- **EXERCISE INPUTS**
□ □ □
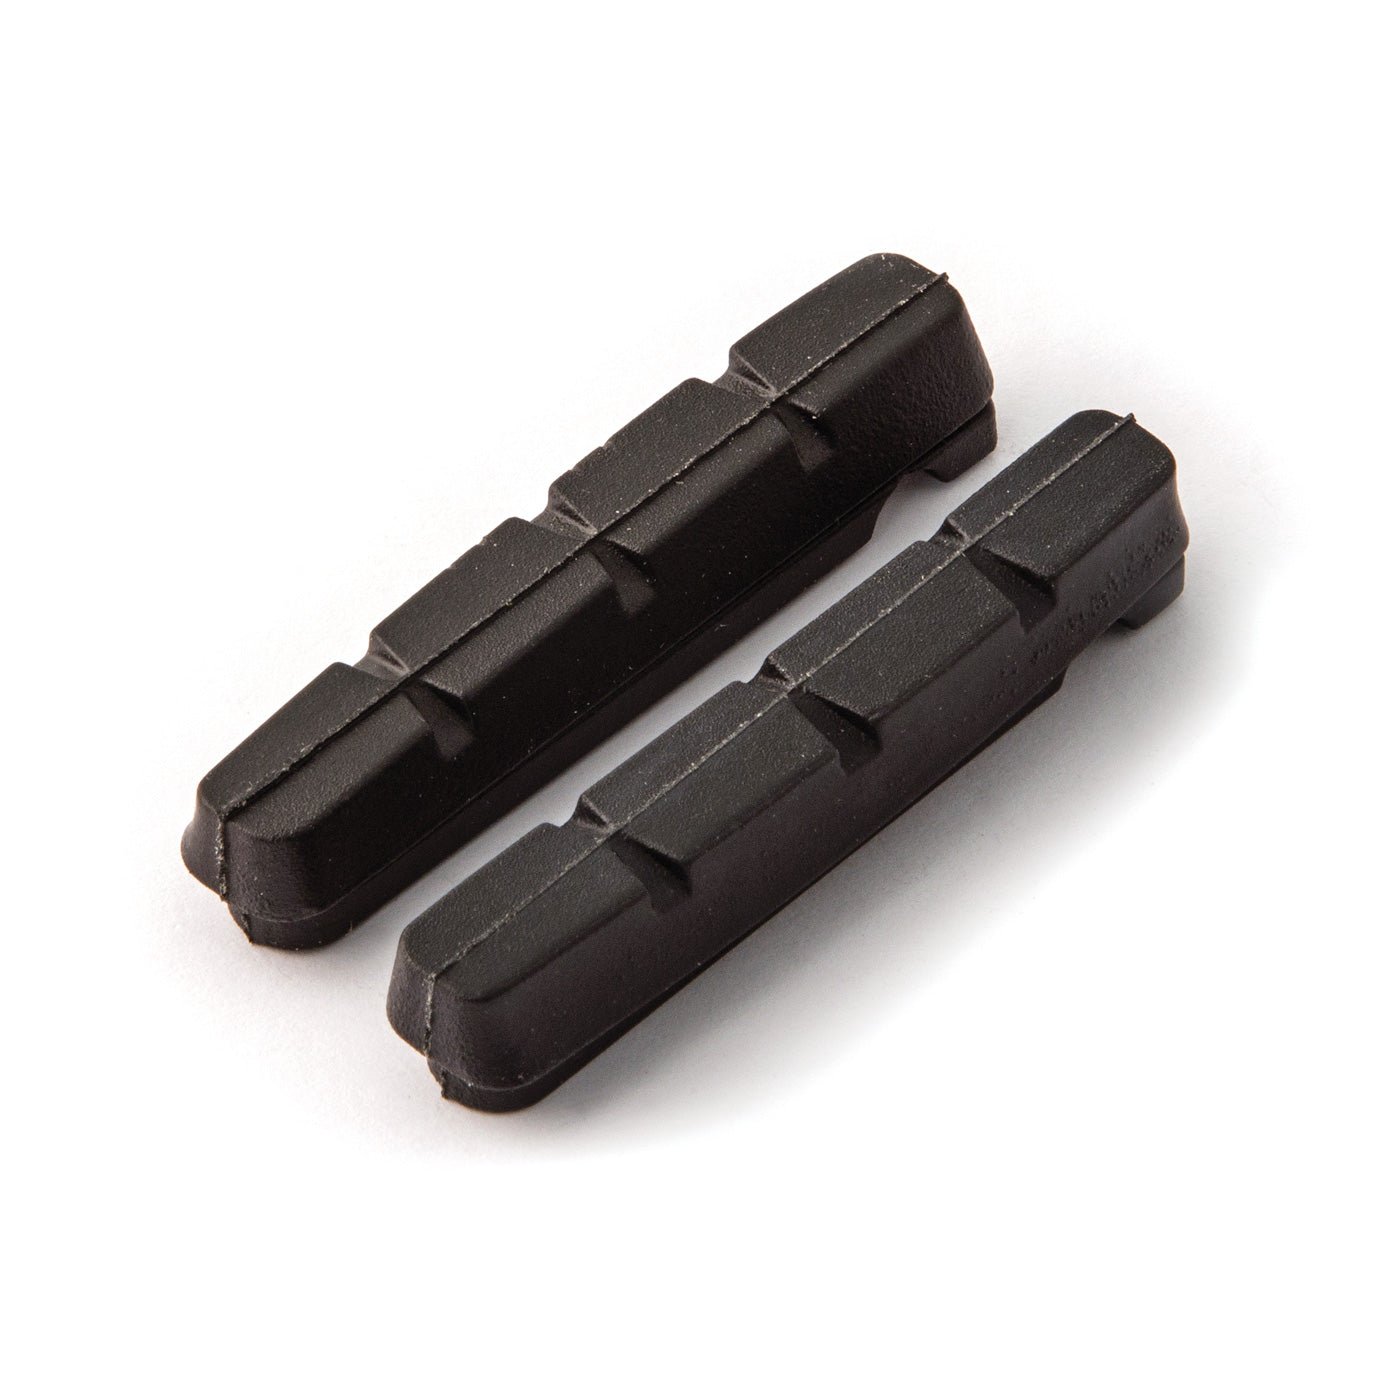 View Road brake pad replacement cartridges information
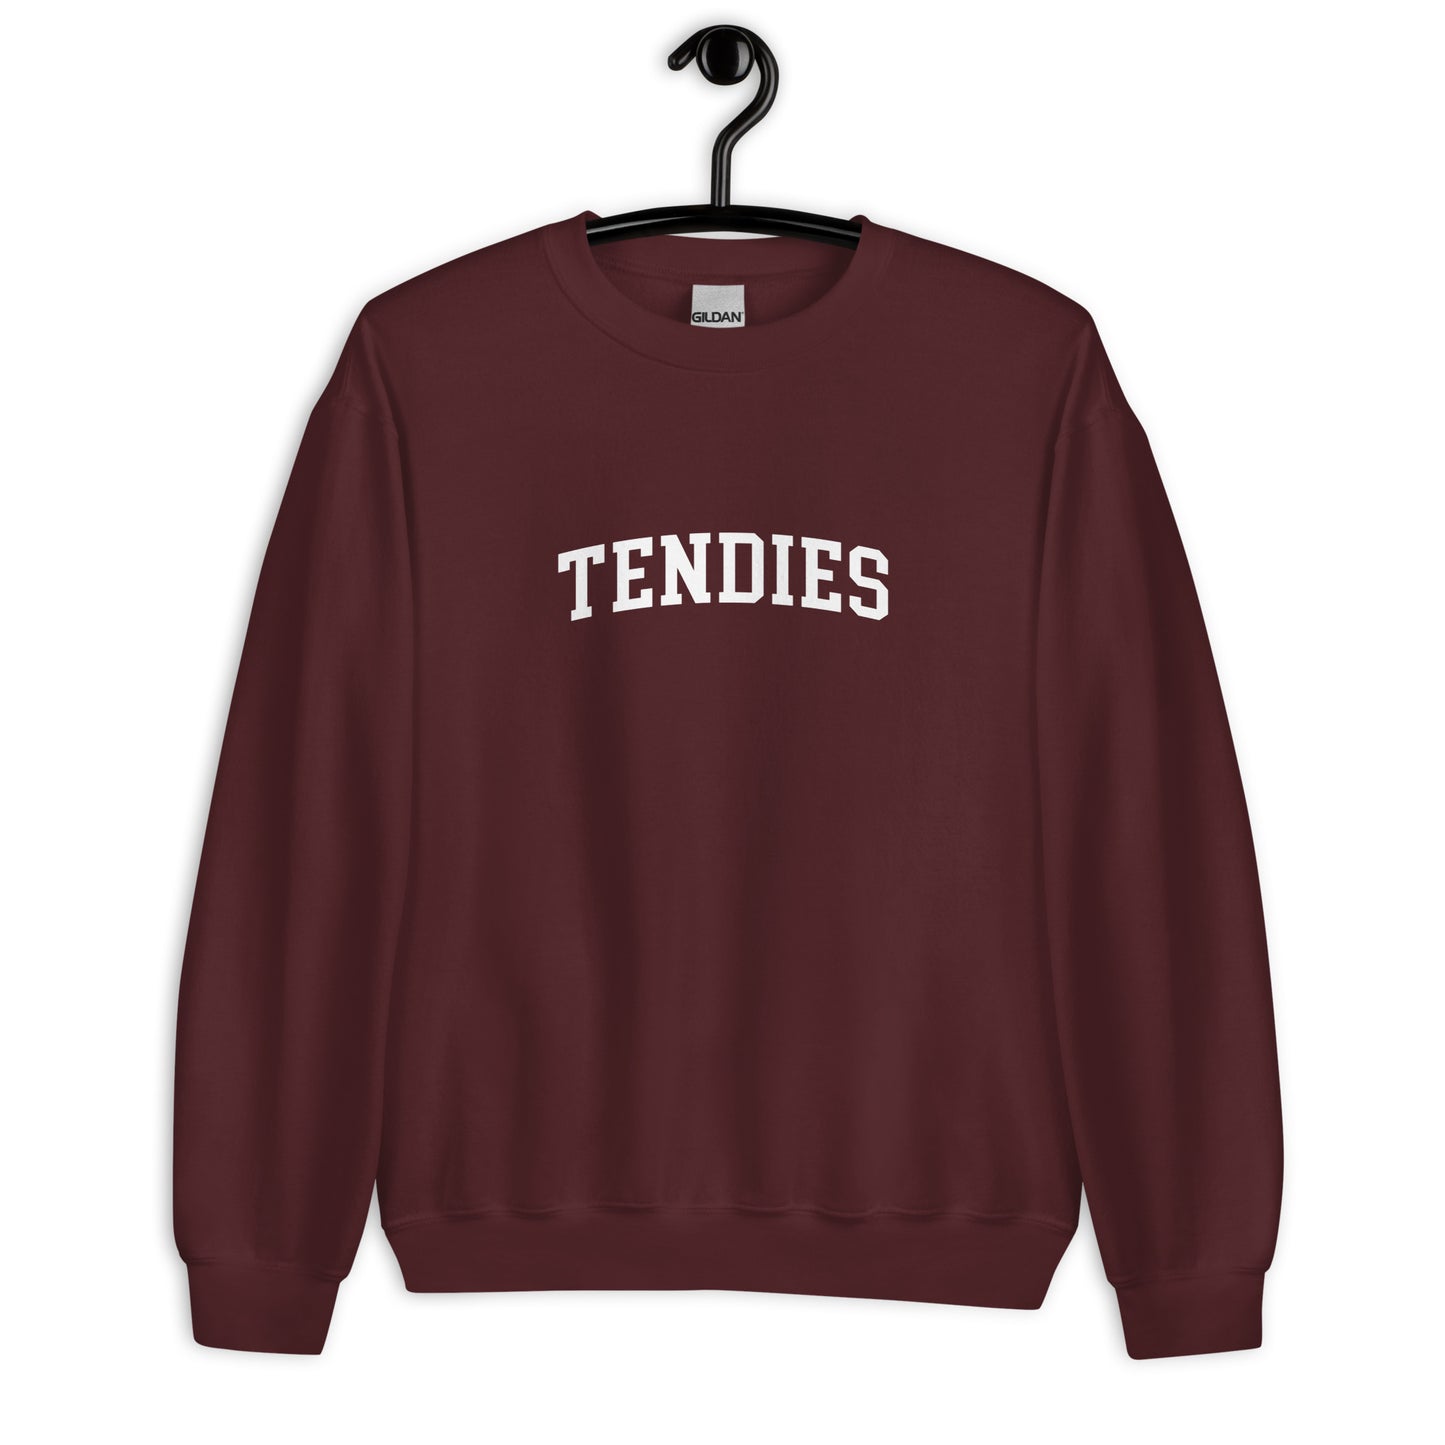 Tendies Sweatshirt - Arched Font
□ □ □
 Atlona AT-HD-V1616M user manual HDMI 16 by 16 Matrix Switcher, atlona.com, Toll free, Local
□ □ □
- **WHAT IS EXPECTED**
Above are entries with pictures among them. Write out exactly the lines from the one containing "View Road brake" through the one containing "Tendies Sweatshirt - Arched Font", ends included, and leave those pictures out.

- **SOLUTION TO THE PROBLEM**
 View Road brake pad replacement cartridges information
 Tendies Sweatshirt - Arched Font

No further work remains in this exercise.